You can have both. I have solid shutters around the house and angled slats on the front. The slats still let in light in and I can see fine but you can control the amount of light that gets in. For airflow the windows and doors are all double hinged to open from the top or the side in every Euro building I've seen. You get airflow from a shaded window etc



















All the N-Americans love these windows. We find it odd however that they don't use bug screens and they clean their windows at least weekly (and it annoys them when we don't)


----------



## m3s (Apr 3, 2010)

carverman said:


> Well it's an interesting mindset here...everyones subscribing to the "green bandwagon" here..including GM..who almost went under a couple of years ago..in order to keep churning out production, they have to come up with some new innovation and the GM Volt is their answer..with expensive lithium battery packs.
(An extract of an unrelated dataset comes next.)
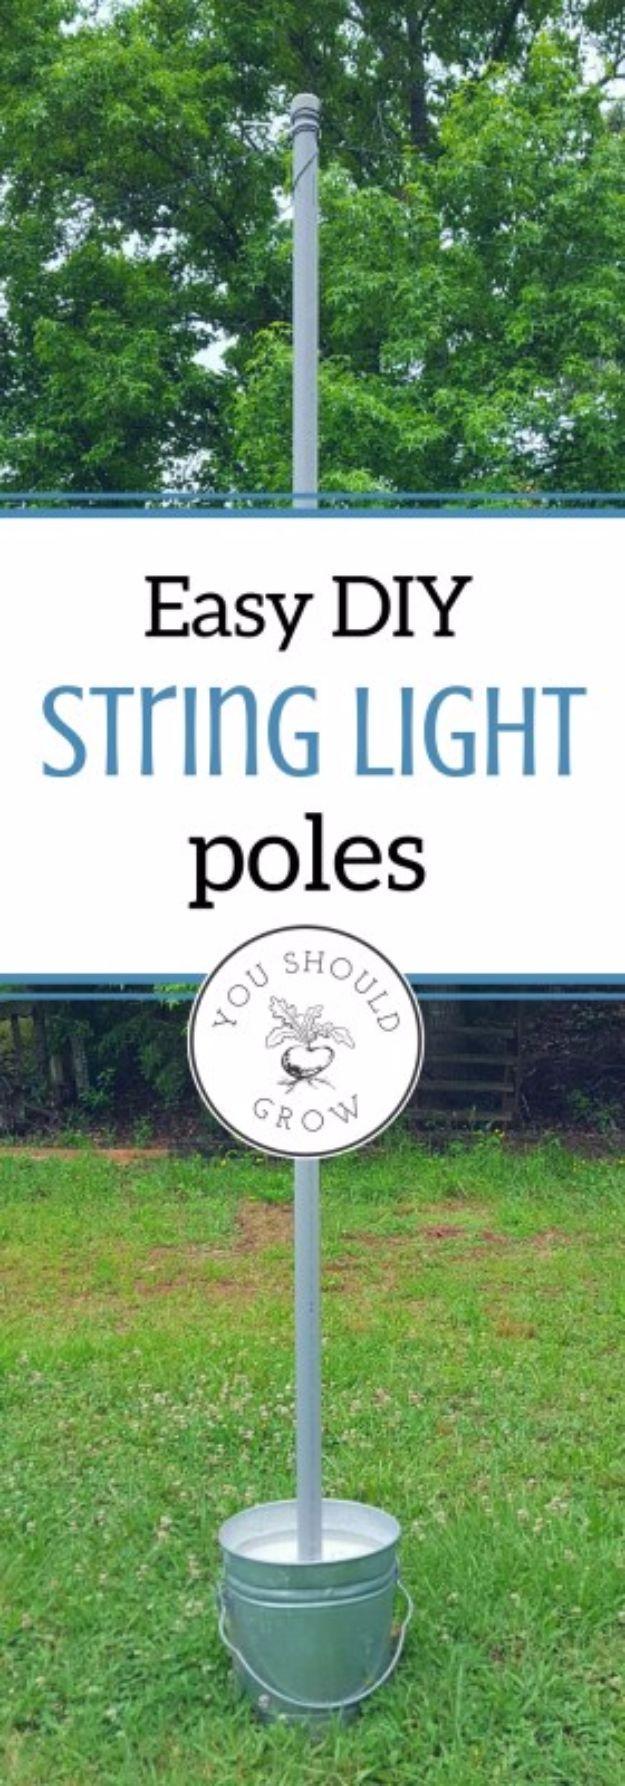 41 DIY Outdoor Lighting Ideas on Backyard String Lights Diy  id=56483

As you mentioned lithium mine sources are only in certain parts of the world..China being a big producer and Chile I believe. These will be expensive for the owners in many ways.
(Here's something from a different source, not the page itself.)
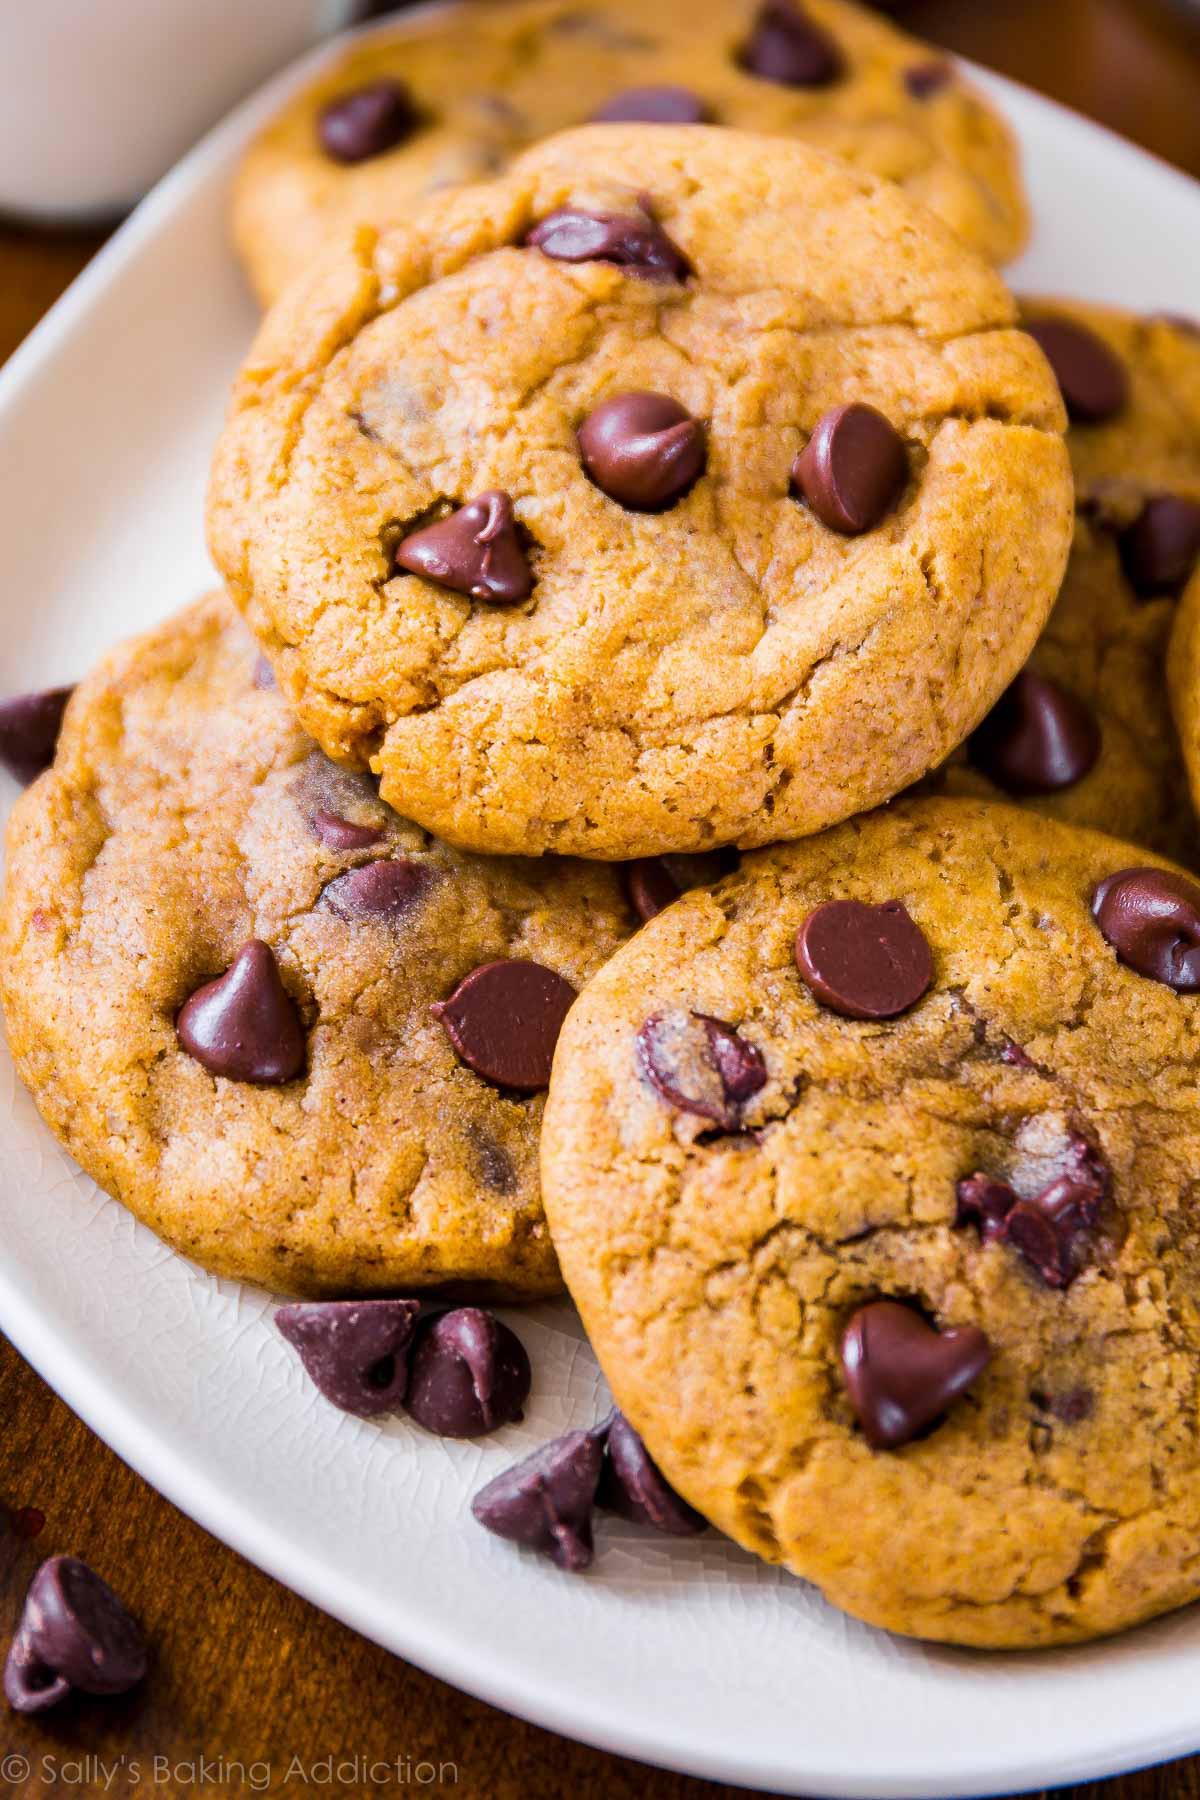 Chocolate Chip Cookies Allrecipes  Pumpkin Chocolate Chip Cookies Sallys Baking Addiction

Exactly. The lithium is mined in Canada, shipped to China to become a battery, and shipped to GM to make the Volt. By this time the carbon footprint is bigger than a Hummer's entire lifetime and it costs more than a Hummer as well. Ethanol is no better really. I love diesel though

I'm sure I will buy a 2x4 house and an A/C when I get home, it just annoys me.


----------



## carverman (Nov 8, 2010)

mode3sour said:


> lithium , shipped to China to become a battery, and shipped to GM to make the Volt.


see new thread. Keep this one on house cooling.


----------



## ddkay (Nov 20, 2010)

The apparent outdoor temperature here tomorrow is supposed to be 48C! Stay hydrated, stay somewhere cool, and check on your neighbours especially the elderly. This is such harsh weather.


----------



## carverman (Nov 8, 2010)

ddkay said:


> The apparent outdoor temperature here tomorrow is supposed to be 48C! Stay hydrated, stay somewhere cool, and *check on your neighbours especially the elderly*. This is such harsh weather.
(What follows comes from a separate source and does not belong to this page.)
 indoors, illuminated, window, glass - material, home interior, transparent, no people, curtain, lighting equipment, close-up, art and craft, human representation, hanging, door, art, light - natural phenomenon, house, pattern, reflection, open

Surely you jest? 48C?..where do you live..in the middle of the Arizona desert?
Ok, maybe with the humdidity. 

Ottawa is a balmy 28 right now with predicted 35C in the afternoon, followed by some thunderstorms which will cool things off down to 22C again.

I guess we forget that we have 2 or 3 of these heat waves each summer and although it's hot..you can find ways to stay cool....glad that I decided to bite the bullet and spend almost 3k on mine a couple of weeks ago.

Now whos going to check on me? 
I'm considered elderly now too since I'm in my last 20% of male life expectancy according to statistics.


----------



## OhGreatGuru (May 24, 2009)

carverman said:


> Surely you jest? 48C?..where do you live..in the middle of the Arizona desert?
> Ok, maybe with the humidity.


I presume that's what ddkay meant by "apparent outdoor temperature" - the humidex rating. Forecast humidex for Ottawa today is 45. Anyone still feel that A/C is a waste of money?


----------



## OhGreatGuru (May 24, 2009)

mode3sour said:


> ... No one uses central A/C in Germany and it's one of the stereotypes they have of Cdns/Americans (A/C obsessed) People say they need A/C because the sun heats up the building, this is poor design. In Germany the walls are insulated better and the windows are shaded with programmable solid shutters or blinds that reflects the suns heat. ....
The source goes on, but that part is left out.